As scientists learn more about how the Zika virus can cause brain damage in a developing fetus, a major question has remained: How does a virus that infects a pregnant mother through a mosquito bite on her skin get into her womb?
It is not a simple question. Most viruses that infect a pregnant woman cannot cross from her bloodstream through the placenta, the organ that forms to nourish and protect the fetus as it grows and develops.
But a new study comes the closest so far to explaining how Zika might cross the placenta. The study, published Monday in the journal Cell Host and Microbe, shows that Zika is able to infect several types of placenta cells, and suggests two ways the virus might get to the fetus.
In the lab, researchers tested Zika’s effect on cells from about 50 placentas at different stages of pregnancy. It found that the virus can enter the placenta in every trimester. The risk of the worst damage — babies born with unusually small heads, or microcephaly — appears to be highest in early pregnancy, but significant brain damage might still occur if the mother is infected in late pregnancy, the researchers found.
The study used two strains of the Zika virus — one from Africa and one from the current epidemic in Latin America — and found that the one from Latin America “was much more infectious,” said one of the study’s authors, Lenore Pereira, a virologist and tissue biologist at University of California, San Francisco.
Carolyn B. Coyne, a microbiologist at the University of Pittsburgh, who was not involved in the study, said it was important because it started “drawing a road map” for transmission. “I would say that this is the first study to identify a cell type that could be a primary target during transmission from mom to baby,” she said.
Dr. Coyne is co-author of a recent study showing that the main placental barrier cells, resist Zika by releasing an antiviral molecule. She said the new study appeared to have identified what “could be sort of the Achilles’ heel” in the placenta that allows the virus into the womb.

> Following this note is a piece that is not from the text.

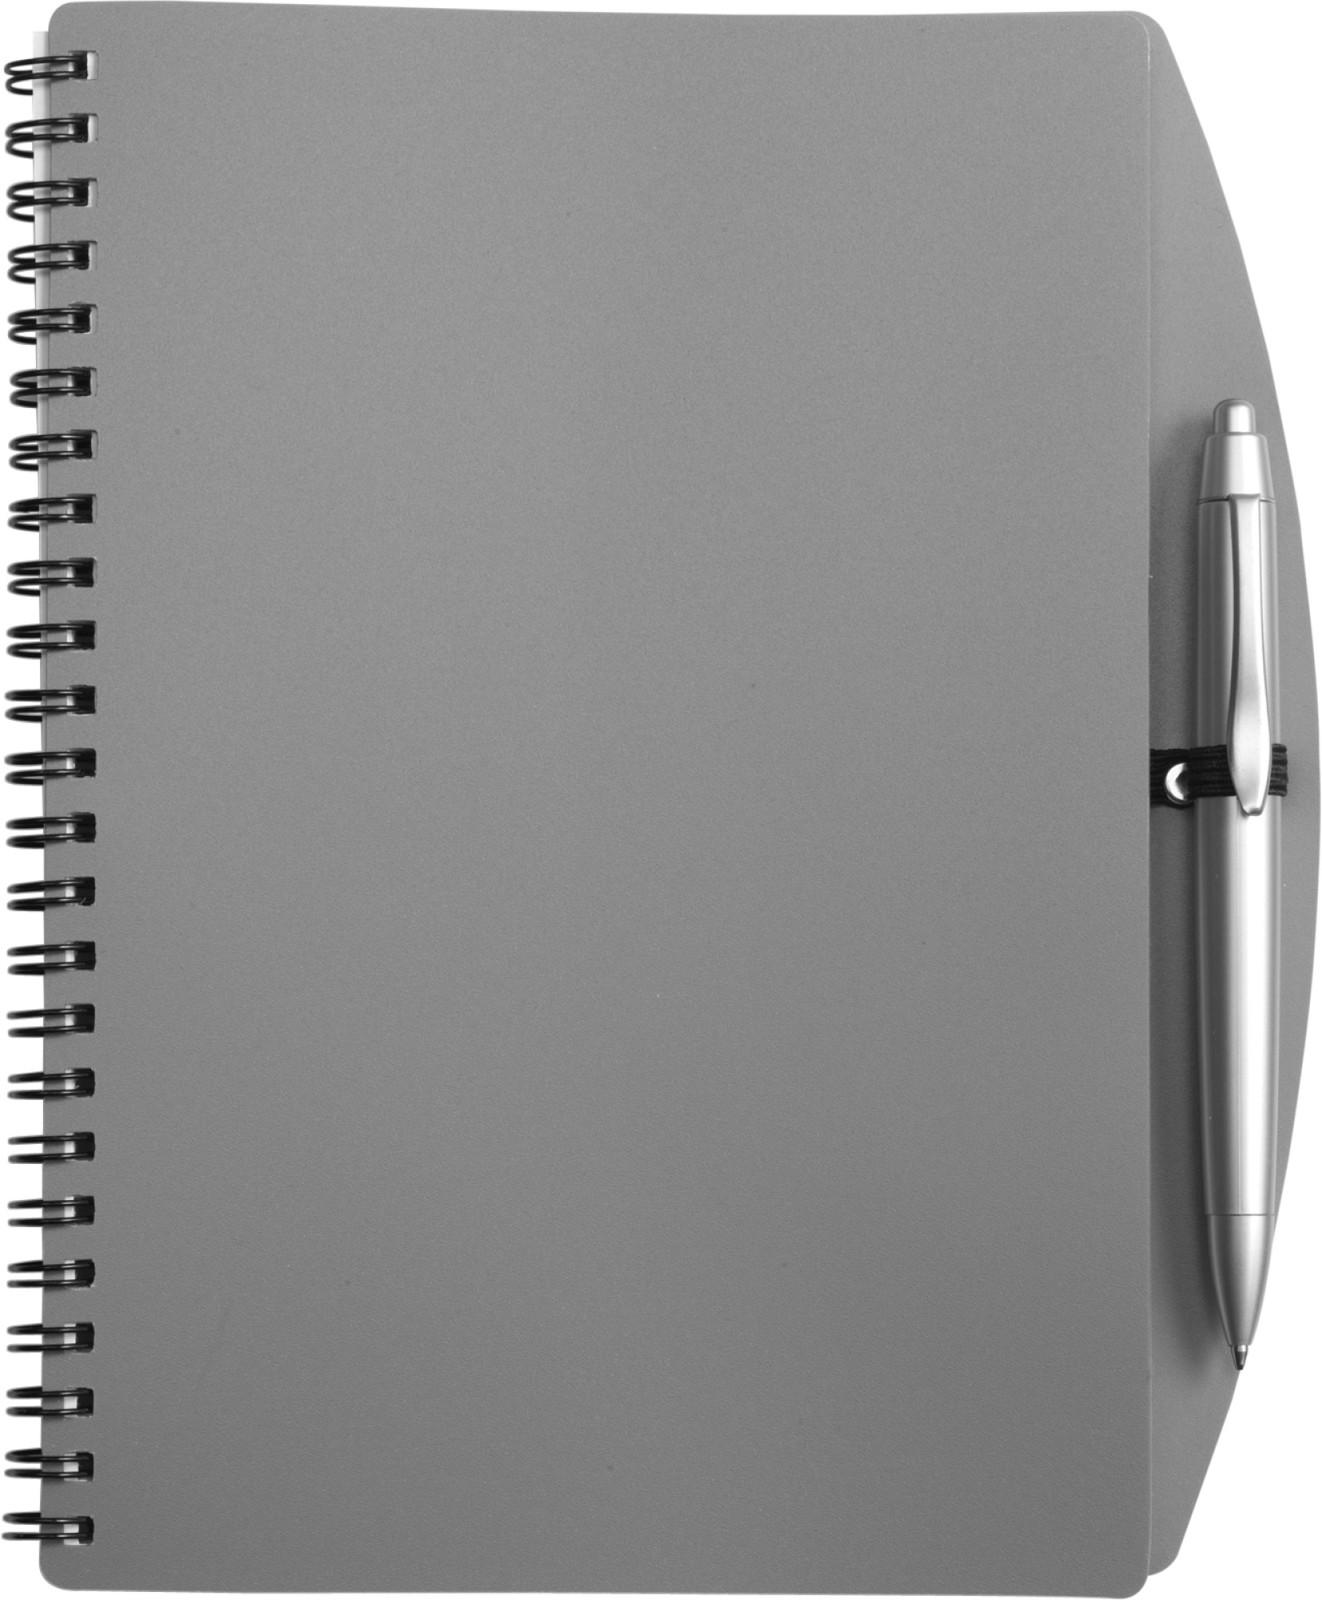 PP notebook with ballpen - Grey

One possible entry point involves structures called chorionic villi, which anchor the placenta into the wall of the uterus during the first trimester. These anchor points could essentially create openings in the wall, and the researchers found that different types of cells in the villi were easily infected with Zika. This route could be available throughout pregnancy, Dr. Pereira said, but more infected cells appear to produce the virus during the first trimester.
The new research suggests that Zika could also get to the fetus via another route, beginning in the second trimester, crossing the membrane that forms the amniotic sac in which the fetus develops. Cells in that membrane were able to be infected with Zika too, the researchers found.
“The fact that the cells in the amniochorionic membranes, they were pounding out all this virus, we thought, wow, maybe that’s actually a second route,” said Eva Harris, an expert on infectious diseases and vaccines at University of California, Berkeley.
The researchers reported that the Zika virus binds consistently to a protein in different placental cells called TIM1. They also found that a drug, an antibiotic called Duramycin that is currently approved to treat animals but not people, appears to block Zika from attaching to the protein.
That does not mean that Duramycin could be used to treat Zika infection in pregnant women, experts cautioned. Wei Zheng, who runs a lab in the federal Therapeutics for Rare and Neglected Diseases program and is testing drugs as potential Zika treatments, said that Duramycin’s molecules were too large to reach the brain and possibly the fetus. He added that the drug, which is in early clinical trials for cystic fibrosis patients, would need considerably more testing to determine its safety for pregnant women.
Dr. Harris said the study’s authors did not mean to suggest that Duramycin could readily become a Zika treatment. The point, she said, was to show that their experiments provided a model that could be used to test potential drugs that block Zika from entering the womb.
That model might indeed be useful, said Hongjun Song, a neurologist at Johns Hopkins who worked with colleagues at other universities to discover how Zika damages fetal brains. “It provides a hypothesis that now can be directly tested” in animals, said Dr. Song in an email, a way to search for “different routes of viral entry to the fetal brain.”
Dr. Coyne said scientists would likely find other ways that Zika crosses the placenta, perhaps piggybacking on antibodies from a related virus like dengue, which many people in Latin America, especially in Brazil, have previously been infected with. One placental function is transferring helpful antibodies to the fetus, but if Zika attaches to those antibodies, that could be another path to the fetus. “The virus is clearly efficient in getting in,” she said, “so I think that it probably gets in through multiple routes.”